Legal claims defining the scope of protection. Each claim is shown in both the original legal language and a plain English translation.
1. A display device, comprising: a display unit including a substrate including a first region and a second region located at a side of the first region, wherein first pixels are included in the first region, second pixels are included in the second region, first gate lines in the first region are connected to the first pixels, second gate lines in the second region are connected to the second pixels, and data lines are connected to the first and second pixels; a gate driver configured to provide a gate signal to the first gate lines and the second gate lines; a compensator configured to generate first corrected image data by compensating image data for the first and second pixels, based on correction values, and configured to generate second corrected image data by decreasing an over-compensated portion of the first corrected image data and increasing an under-compensated portion of the first corrected image data corresponding to a boundary region between the first region and the second region; and a data driver configured to generate data signals, based on the second corrected image data, and configured to provide the data signals to the data lines, wherein a number of the first pixels connected to each of the first gate lines is greater than a number of the second pixels connected to each of the second gate lines, and wherein the correction values are set for each block, wherein each block corresponds to at least two of the first pixels and at least two of the second pixels.
A display device addresses the issue of image distortion at the boundary between different regions of a display panel, particularly where pixel density or gate line configurations differ.
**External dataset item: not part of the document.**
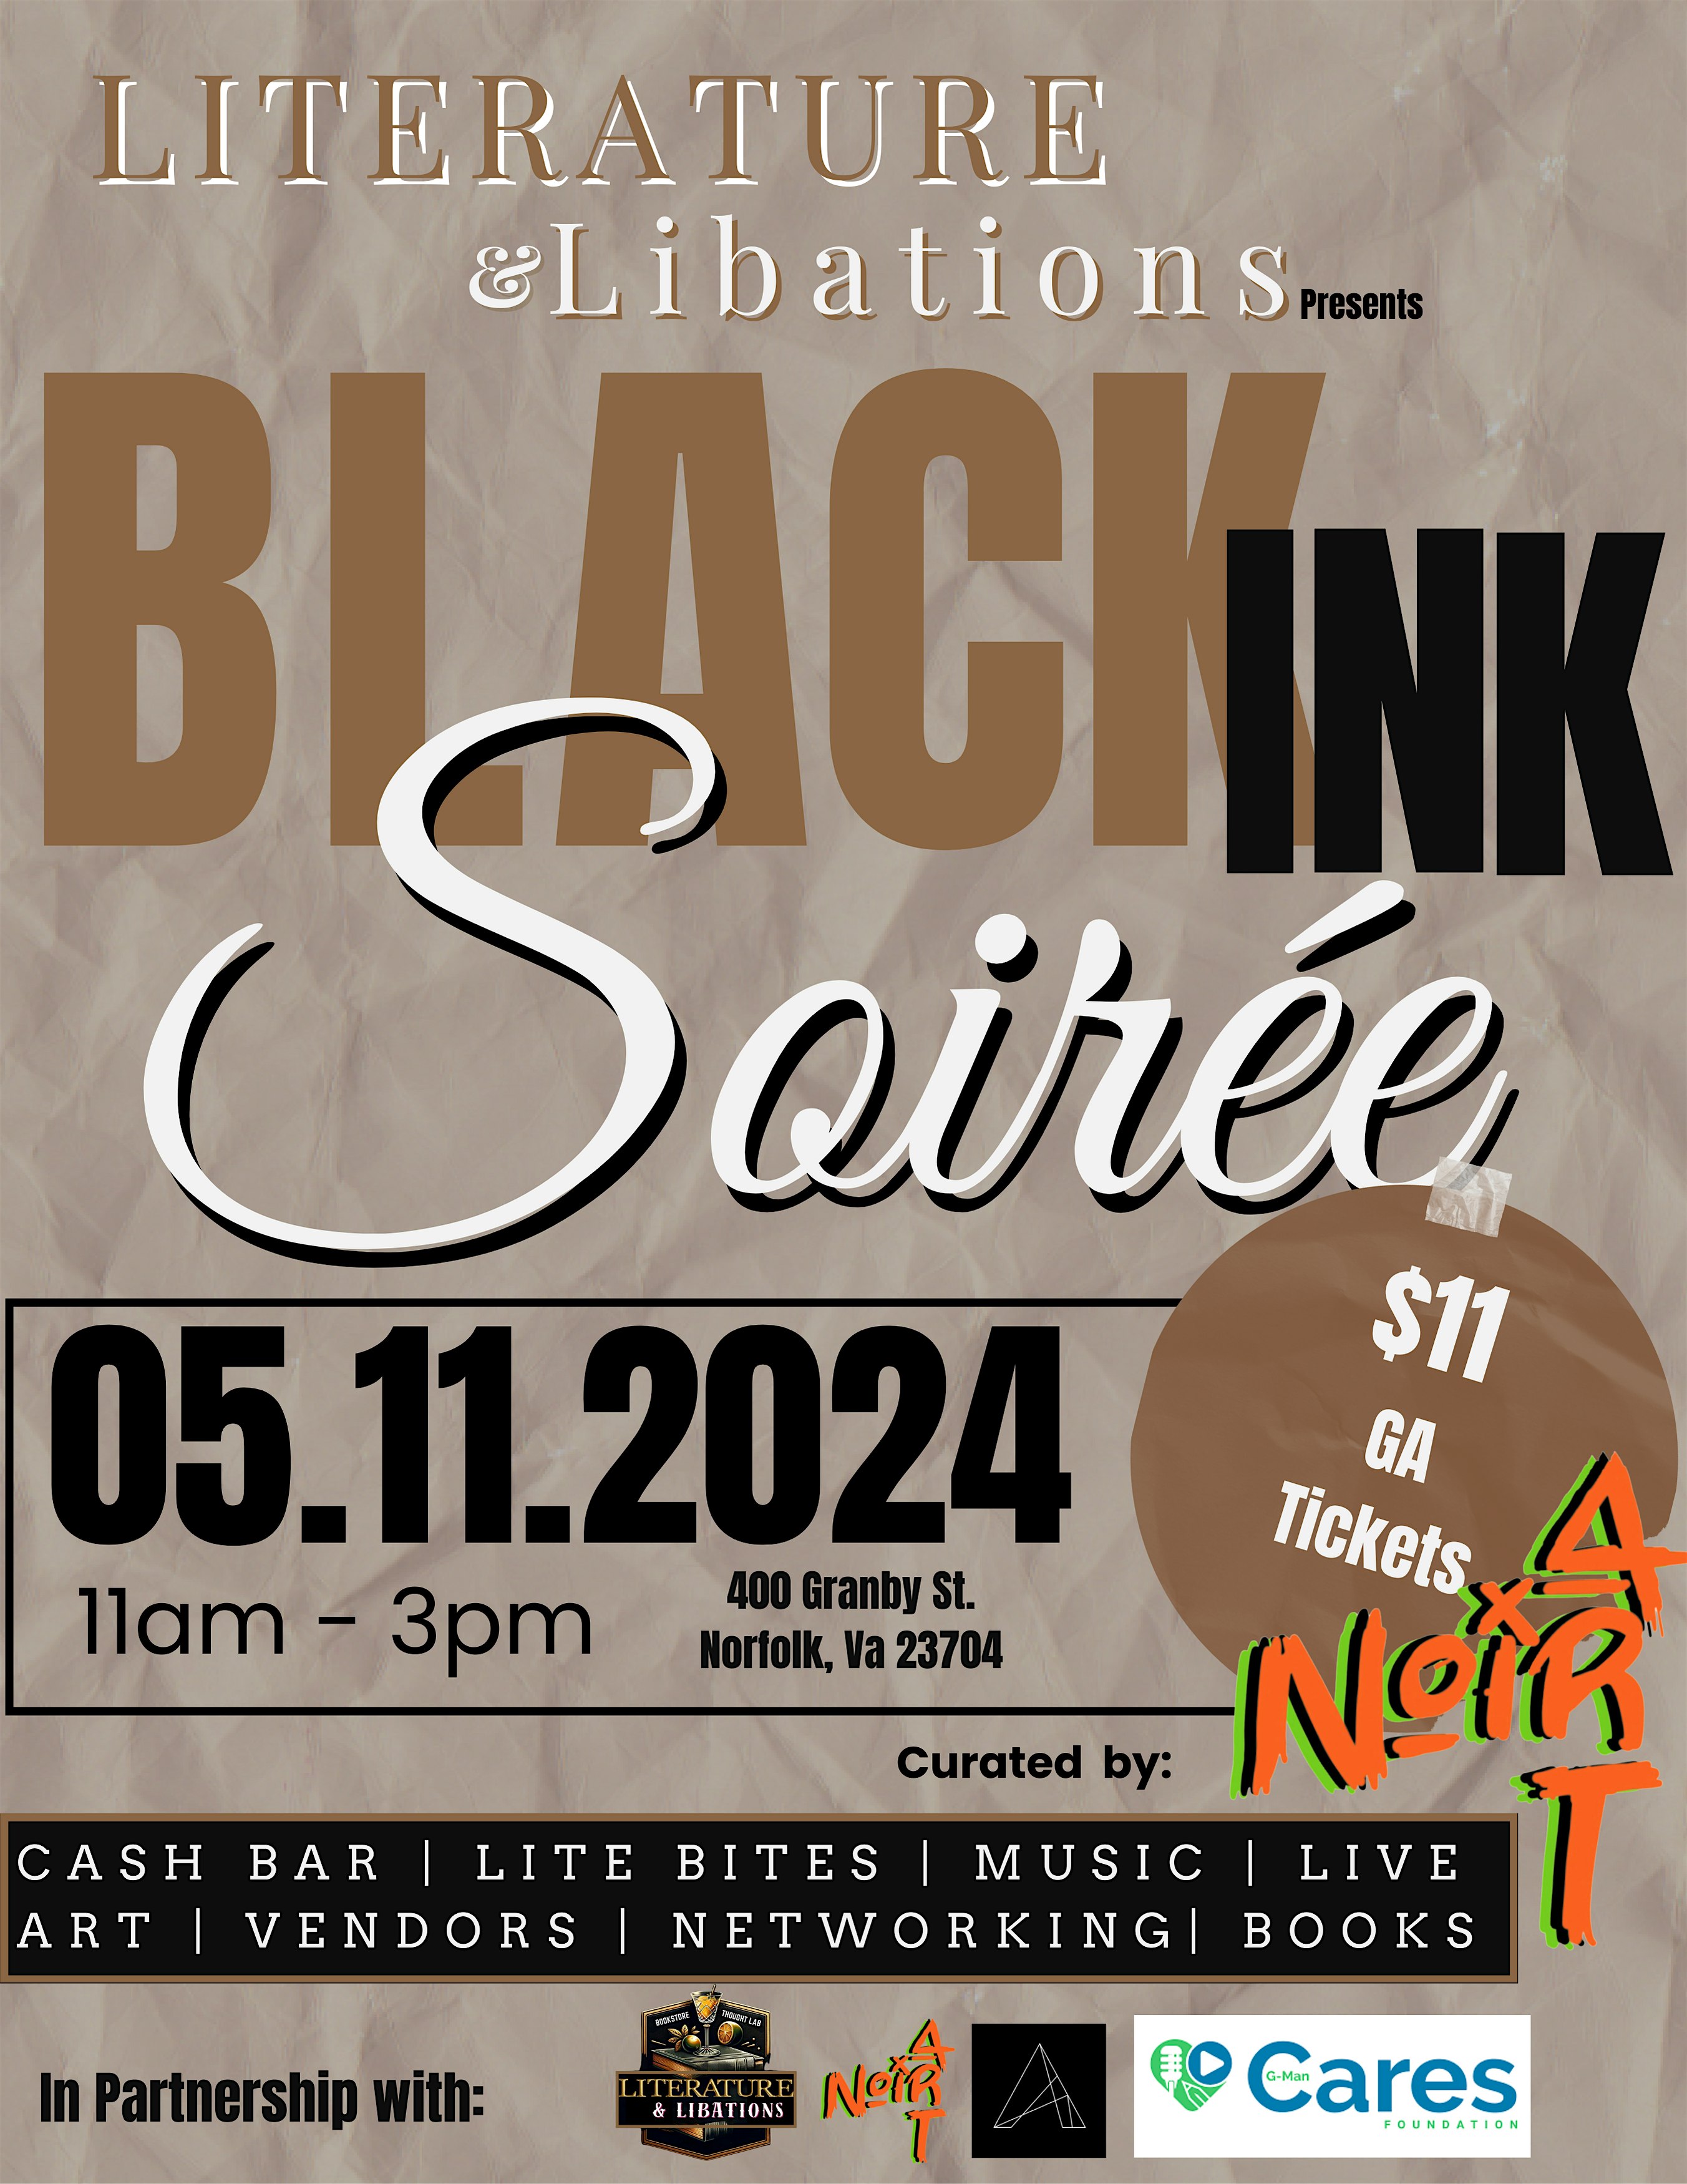 Literature & Libations presents: Black Ink Soir\u00e9e

The device includes a display unit with a substrate divided into a first region and a second region adjacent to the first region. The first region contains first pixels connected to first gate lines, while the second region contains second pixels connected to second gate lines. Both regions share data lines connected to all pixels. A gate driver supplies gate signals to both sets of gate lines. A compensator processes input image data to generate corrected image data for the pixels, applying correction values tailored to each block of pixels, where each block includes at least two first pixels and two second pixels. The compensator further refines the corrected data by reducing over-compensated portions and enhancing under-compensated portions near the boundary between the two regions. A data driver then converts this refined data into signals sent to the data lines. The design accounts for the difference in pixel count per gate line between the two regions, ensuring uniform image quality across the display. This approach mitigates visual artifacts caused by variations in pixel density or gate line configurations, particularly at region boundaries.
2. The display device of claim 1 , wherein the compensator includes: a first compensator configured to generate the first corrected image data by compensating the image data, based on the correction values; and a second compensator configured to compute a brightness curve for the boundary region, based on the first corrected image data, and configured to detect and decrease the over-compensated portion of the first corrected image data and detect and increase the under-compensated portion of the first corrected image data, based on the brightness curve.
A display device includes a compensator that processes image data to correct display irregularities, such as brightness variations or color deviations, across a display panel. The compensator comprises a first compensator and a second compensator. The first compensator generates corrected image data by adjusting the original image data using predefined correction values, which account for known display imperfections. The second compensator further refines the corrected image data by analyzing a brightness curve for a boundary region of the display. It detects and reduces over-compensated portions of the image data, where the correction has excessively altered the brightness or color, and detects and increases under-compensated portions, where the correction was insufficient. This dual-stage compensation ensures uniform display quality by balancing corrections to avoid artifacts like brightness or color banding at panel boundaries. The system is particularly useful in high-resolution or large-area displays where panel uniformity is critical.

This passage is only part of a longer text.